In a statement the FDA said, “Approved food color additives are considered safe and they have not found a cause and effect relationship between dyes and hyperactivity in children.”

Meanwhile, natural food colorings are becoming more common — you just need to check the labels.

Comments (19)
  1. Eliza says:

    “Approved food color additives are considered safe and they have not found a cause and effect relationship between dyes and hyperactivity in children.”

    Maybe so but what about the average consumer, say 20-30 years down the road that has been ingesting the color additives? I think long term affects need to be addressed. Wouldn’t be surprised to find that there are numerous side effects including neurological disorders.

  2. Edward Bryan says:

    9 Food Additives That May Affect ADHD

    ADHD and food additives
    By Amanda Gardner
    Will eliminating dye-containing foods from a child’s diet help ADHD? Experts say there’s not enough evidence to recommend this action, although a small subset of children may benefit.

    Most studies of a possible link analyzed blends of additives, not single ingredients, making it difficult to find a culprit.
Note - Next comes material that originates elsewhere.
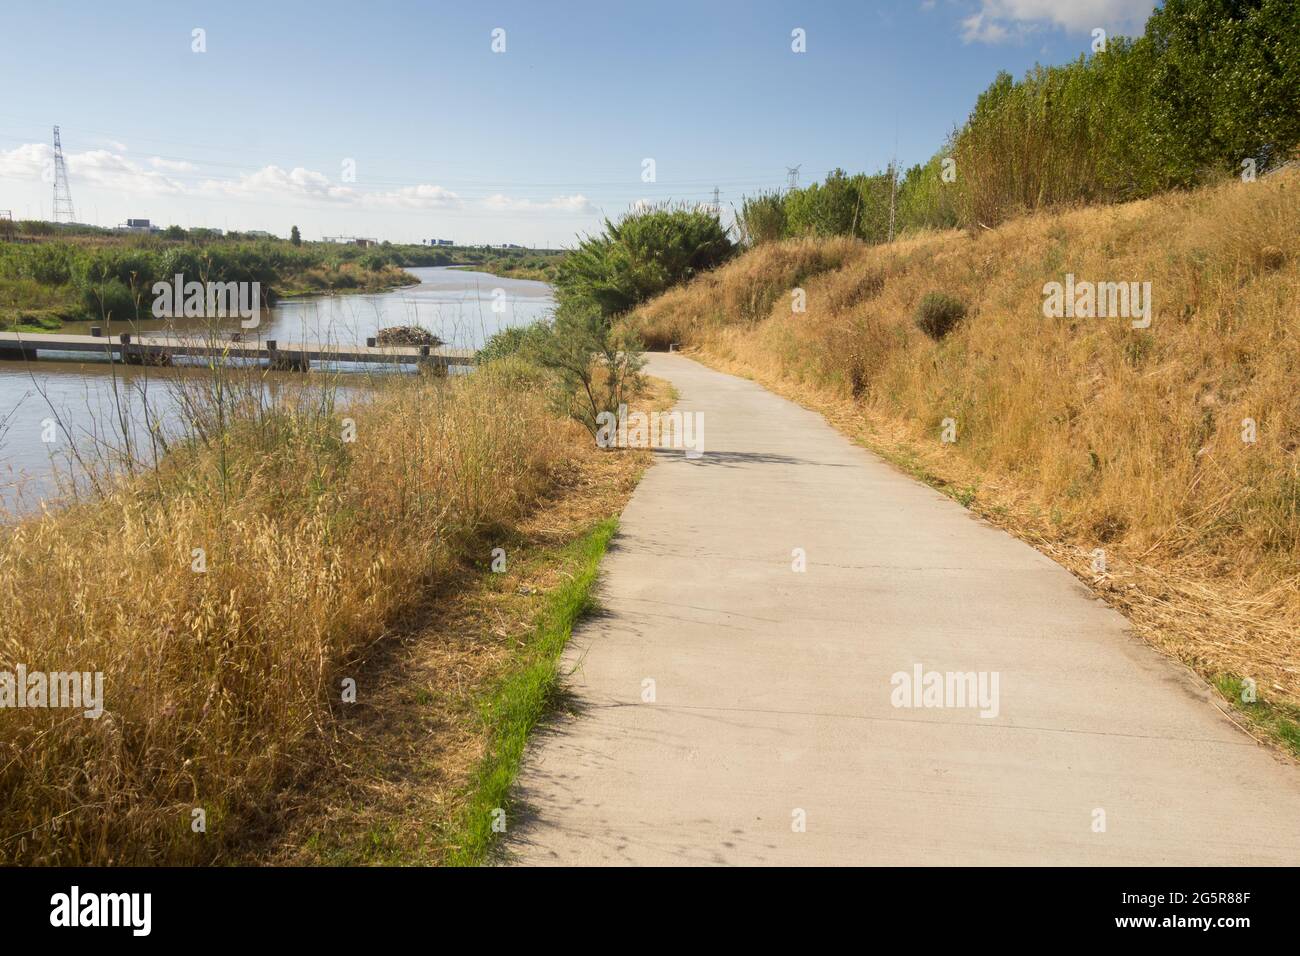 Sentieri e sentieri in montagna e vicino al fiume; sentieri per escursioni in bicicletta, a piedi, in corsa o a piedi. Foto Stock

    However, here’s a list of additives that could aggravate attention problems, although none (with the exception of Yellow No. 5) has been studied alone in humans. A comprehensive list of dyes in food products can be found at the Institute for Agriculture and Trade Policy.

  3. Lynn Meade says:

    Once again Europeans take caution and protect their citizens and Americans won’t change anything until there are obvious casualties. Protect the companies. Americans: Eat at your own risk. FDA what good are you?

  4. Edward Bryan says:

    These food colors come from Kuwait known as Motor oil or 10w40

  5. Emily says:

    Thank you so much for sharing. My daughter has awful reactions to Red Dye 40 (hyperactivity, violent temper tantrums and sometimes hives). I had no idea the dangers in other dyes. It blows my mind how often it is used when it is not necessary. The fact that it’s used in antibiotics and children’s OTC drives me batty! My daughter has gone spastic on amoxi, because it’s dyed pink. She spends more time bouncing off the wall, then resting and getting better.

    1. Edward Bryan says:


      The Autonomic Nervous Systems

      peripheral nervous system

      autonomic nervous system

      Sympathetic nervous system

      Parasympathetic nervous system

    2. Edward Bryan says:

      Emily, The food colors shouldn’t be in the food at this point, since 1960 the FDA had to find a way to keep food from going bad, Well it’s 52 years later we now have good refrigeration to keep food from going bad. The food colors come from kuwait ( Motor Oil ), or ( Coal Tar ). If you do anything at all, you must start with a petition ( 100 Signatures ) Min. to the FDA. Its a tough battle.
      I found out with my children, the less food colors, the healthier they are and better control.


  6. meginp says:

    Spice Supreme artificial food dye sold in stores says on the back that it is ” “safe” “. Yep, they actually label it “safe” in quotes right on the package like safe is a matter of opinion. I called the manufacturer, Gel Spice, Inc to ask them why safe is in quotes on the back & no one was ever available to return my call

  7. R.C. says:

    Can anyone recommend children’s medications without dye? My 8 and 11 yo are so much better behaved without the dye but I find it hard to find fever-reducer and other such medications without dye. Can anyone help? Thanks

    1. Y.H. says:

      I took my child off of food dyes 10 years ago. I use Diabetic Tussin for coughs, throat,congestin it is dye free. Advil for fever.

  8. Gayle says:

    Talk to the pharmacy, they do have a clear tylenol but not all places carry it. My friends daughter can not have red dye at all, she will have a very long temper tantrum when she does.

    I can’t believe even Twinkies(which are yellow) have red dye in them.